Ja, meine das als Wlan-Router sry. Habe es auch schon probiert wenn nichts anderes gemacht wird (Youtube etc), die Verbindung geht aber trotzdem weg.


----------



## wuselsurfer (4. April 2017)

*AW: Steam verliert seit Routerwechsel ständig die Verbindung*

Teste mal ein anderes Netzteil.


----------



## NatokWa (4. April 2017)

*AW: Steam verliert seit Routerwechsel ständig die Verbindung*



wuselsurfer schrieb:


> Teste mal ein anderes Netzteil.



Da es bei ihm ein Programmspezifisches Problem ist dürft ein NETZTEIL-Wechsel nichts bringen .......

Ok nochmal warum ich oben frage ob noch was anderes gemacht wurde AUSSER Steam (gleichzeitig) : NICHT um herrauszufinden ob etwas STÖREN könnte , sondern um herrauszufinden ob Steam immer DANN die Verbindung verliert wenn es GANZ ALLEINE läuft , ohne das etwas anderes auf das I-Net zugreift .
Aber das evtl dahintersteckende Problem läst sich auch anders "erfragen" : Ist der Router auf "Verbindung dauerhaft halten" (Internet) gesetzt oder etwa auf "Nur verbinden wenn benötigt" ? Es sollte IMMER auf ersterem stehen da letzeres eben zu solchen Probs wie deinem führen kann .


----------



## Nico-s (4. April 2017)

*AW: Steam verliert seit Routerwechsel ständig die Verbindung*

Es ist egal was ich gerade mache (YT, Onlinegaming, oder halt gar nichts), ich kann immer aufm 2. Bildschirm beobachten, wie die Verbindung abbricht bei Steam. Es hat auch wie gesagt keinerlei Auswirkungen auf andere Programme. Nur bei Steam ist die Verbindung für 2-3 Sekunden weg. Die Verbindung bleibt dauerhaft erhalten.

Was mir aber grad in den Fritzbox Einstellungen aufgefallen ist, dass beim Online-Monitor die WAN Verbindung als getrennt angezeigt wird? Schon etwas merkwürdig, da ich ja ganz normal ins Internet komme..
Edit: Habe das Kabel aus der WAN Buchse raus und wieder reingesteckt, sowie den LAN Port der zum PC führt mal gewechselt. Jetzt steht da auch das WAN Verbunden ist...mal schauen wie es jetzt läuft.
Edit 2: Problem besteht weiterhin.
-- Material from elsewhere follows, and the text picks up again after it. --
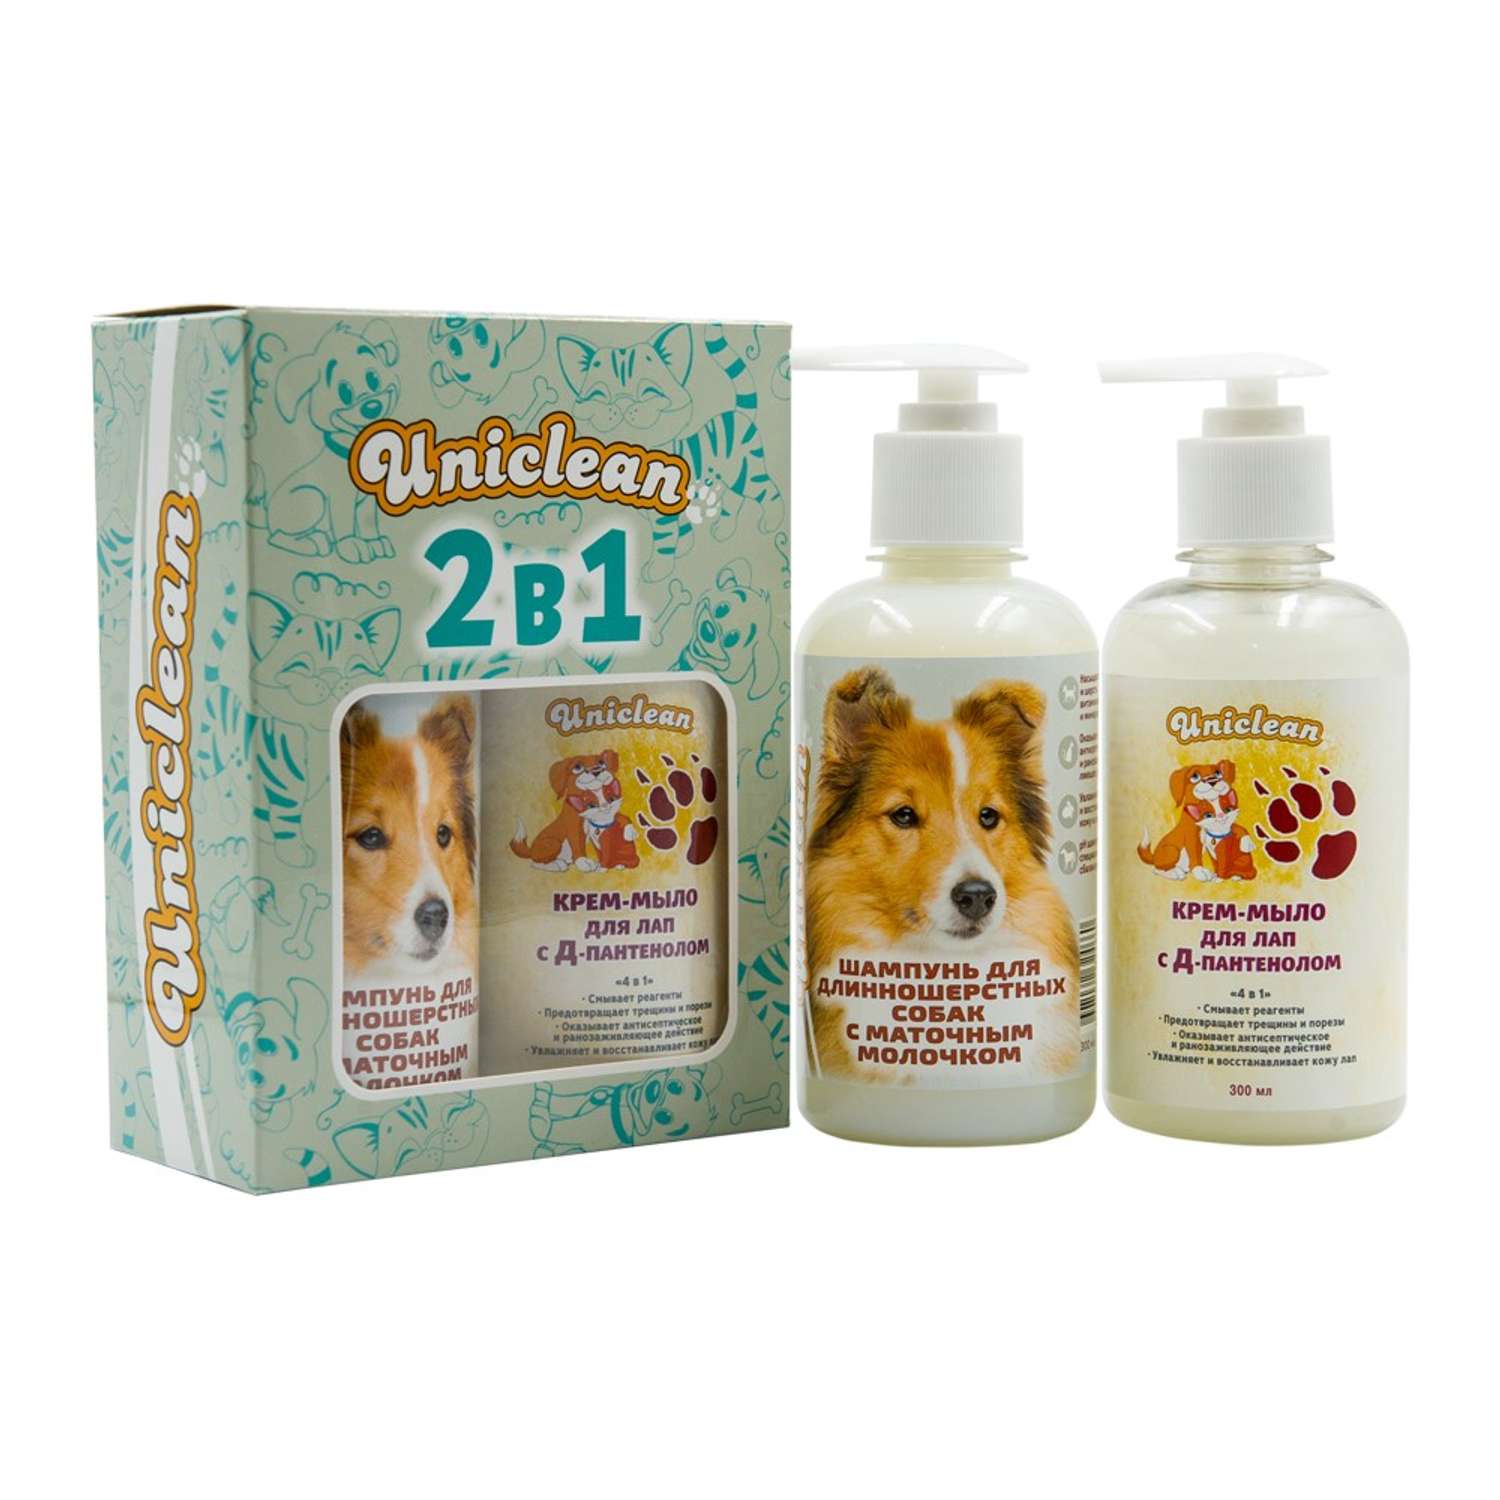 Подарочный набор Uniclean шампунь для длинношерстных собак с маточным молочком и крем-мыло для лап с д-пантенолом - фото 2

WAN wird aber weiterhin als Verbunden angezeigt


----------



## wuselsurfer (4. April 2017)

*AW: Steam verliert seit Routerwechsel ständig die Verbindung*



NatokWa schrieb:


> Da es bei ihm ein Programmspezifisches Problem ist dürft ein NETZTEIL-Wechsel nichts bringen ........


Woher weißt Du das?


----------



## Nico-s (5. April 2017)

*AW: Steam verliert seit Routerwechsel ständig die Verbindung*

Solle man vielleicht mal die Fritz!Box umtauschen? Weil es kann ja nicht sein, dass ich gar nichts zu diesen Problem im Internet finde...


----------



## Jekki-El-Dorado (5. April 2017)

*AW: Steam verliert seit Routerwechsel ständig die Verbindung*

Netzwerkkabel mal gegen WLAN-Stick tauschen um die allgemeine Verbindung von der Fritzbox zum PC zu testen.
Wenn es dann nicht anders ist, liegt das Problem im Anschluss *vor *der Fritzbox (Hausanschluss, falsche Konfiguration durch Anbieter etc.).
Ein wechsel das Netzteils kann auch in Betracht gezogen werden.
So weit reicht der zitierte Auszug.